Besuch für Marcellus

  • Die engsten Freunde von Julia hatte ich inzwischen persönlich benachrichtigt und bevor ich einen allgemeinen Aushang machen würde, wollte ich Licht in die für mich undurchsichtige Geschichte meiner Verwandten bringen.


    Lange Jahre weilte ich in Griechenland und daher war es mir unmöglich, die Geschehnisse der Vergangenheit zu entwirren. Ich hoffe, Marcellus würde mir dabei helfen können und so begab ich mich zur Villa Claudia.


    Zögerlich zuerst, doch dann entschlossen klopfte ich an die schwere Tür.

  • Ich wurde in das Officium geführt und erkannte im Dämmerlicht die Umrisse eines Mannes.


    „Marcellus Claudius Macrinius?“


    Weder kannte ich Marcellus von Angesicht, noch konnte ich das Dämmerlicht durchdringen.

  • „Es geht um meine Anverwandte Julia. Sie verstarb vor wenigen Tagen. Morgen werden die Trauerfeierlichkeiten sein.“


    Nachdenklich betrachtete ich mein Gegenüber. Ich wusste nicht, ob ich offen sein konnte, fasste mir aber dann ein Herz und begann:


    „Ich weilte lange Jahre außerhalb Roms und verpasste dadurch viele Geschehnisse innerhalb der Familie. Mir kam zu Ohren, dass Julia den Tod ihres Mannes betrauerte und womöglich jetzt auch an diesem zerbrach. Erst kürzlich wurde mir jedoch zugetragen, dass Marcellus, ihr Mann, sehr wohl noch lebe und zwar hier in dieser Villa. Dem wollte ich nun auf den Grund gehen. Darum bin ich hier.“


    Aufmerksam beobachtete ich die Regungen im Gesicht des Mannes.

  • "Meine Liebe, das wissen nur wenige im Reich und so soll es auch bleiben, jetzt sagt mir was ihr mir sagen wollt oder wissen wollt, ich habe einen Berg von Akten durchzuarbeiten...wollt ihr etwas trinken?"

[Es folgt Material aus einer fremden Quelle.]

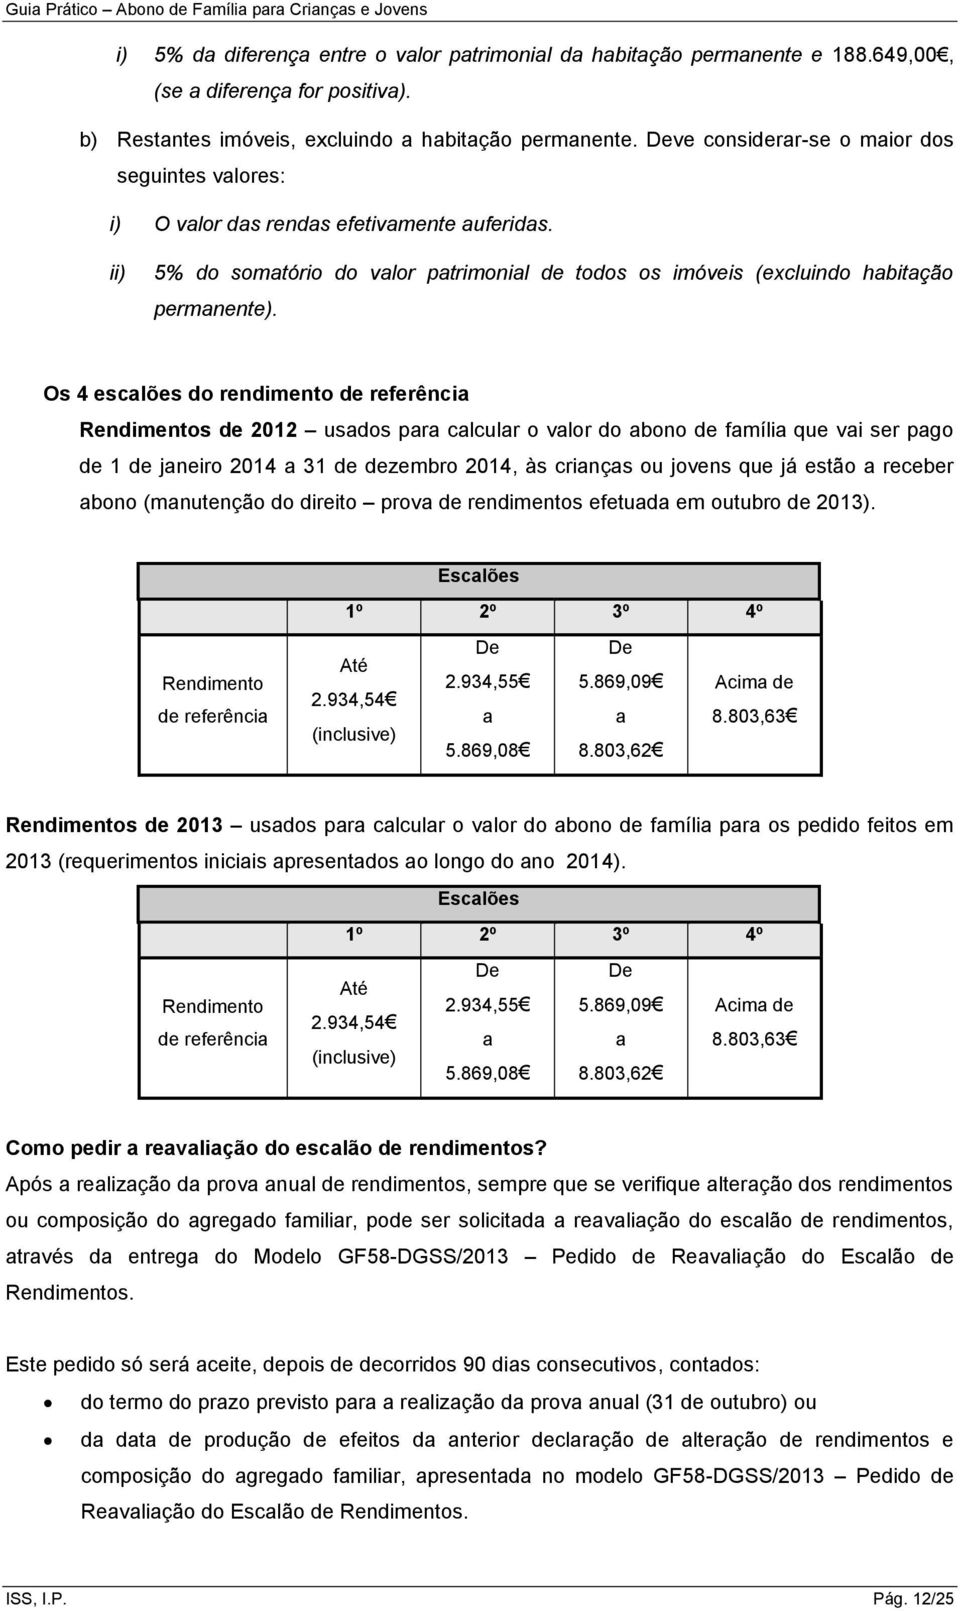 Os 4 escalões do rendimento de referência Rendimentos de 2012 usados para calcular o valor do abono de família que vai ser pago de 1 de janeiro 2014 a 31 de dezembro 2014, às crianças ou jovens que

    PRAEFECTUS CLASSIS PRAETORIAE MISSINENSIS
    PATER FAMILIAS GENTIS CLAVDIA
    NOMEN HONORES "RESTITUTOR"

  • „Es war mein Anliegen, den ehemaligen Mann von Julia, sollte er noch leben, zur Bestattung und zum Leichenmahl am selben Tage zu laden. Neun Tage im Anschluss daran, findet noch die Totenfeier statt.“


    Verwundwert betrachte ich den vor mir stehenden Mann. Ich verstand nicht die Zusammenhänge, wollte aber auch nicht mehr fragen. Zu undurchsichtig erschien mir die gesamte Angelegenheit.


    „Wie lautet Eure Antwort?“

  • Na gut, dachte ich. Warum eigentlich nicht bleiben und etwas trinken.


    „Ich würde gern etwas Wasser nehmen.“


    Tja, was sollte ich erzählen? Vielleicht, dass ich in jungen Jahren schon Witwe wurde? Aber das ging niemanden etwas an. Vielleicht, dass mein Sohn einmal die Gens führen würde? Doch auch dieses war Familiensache.


    „Eigentlich bin ich hierher gekommen, um Antworten zu finden und nicht um über mich zu plaudern. Vielleicht können wir uns aber darauf einigen, dass jeder etwas im Wechsel von sich erzählt. Da ich bereits eine Nachricht überbrachte, wäret Ihr jetzt also an der Reihe.“

  • "Oh, ich habe jede Menge zu tun und komme nicht dazu, darüber nachzudenken, ob ich mich nun einsam fühlen soll oder nicht."


    Ich leerte meinen Becher und erhob mich.


    "Ich denke, ich werde jetzt aber wieder gehen. Es hat mich gefreut Euch kennenzulernen."


    Ich nickte Macrinius noch einmal zu und verließ dann die Villa. Viele Dinge waren noch zu erledigen und vor allem die Opferung für Julia durfte nicht länger aufgeschoben werden.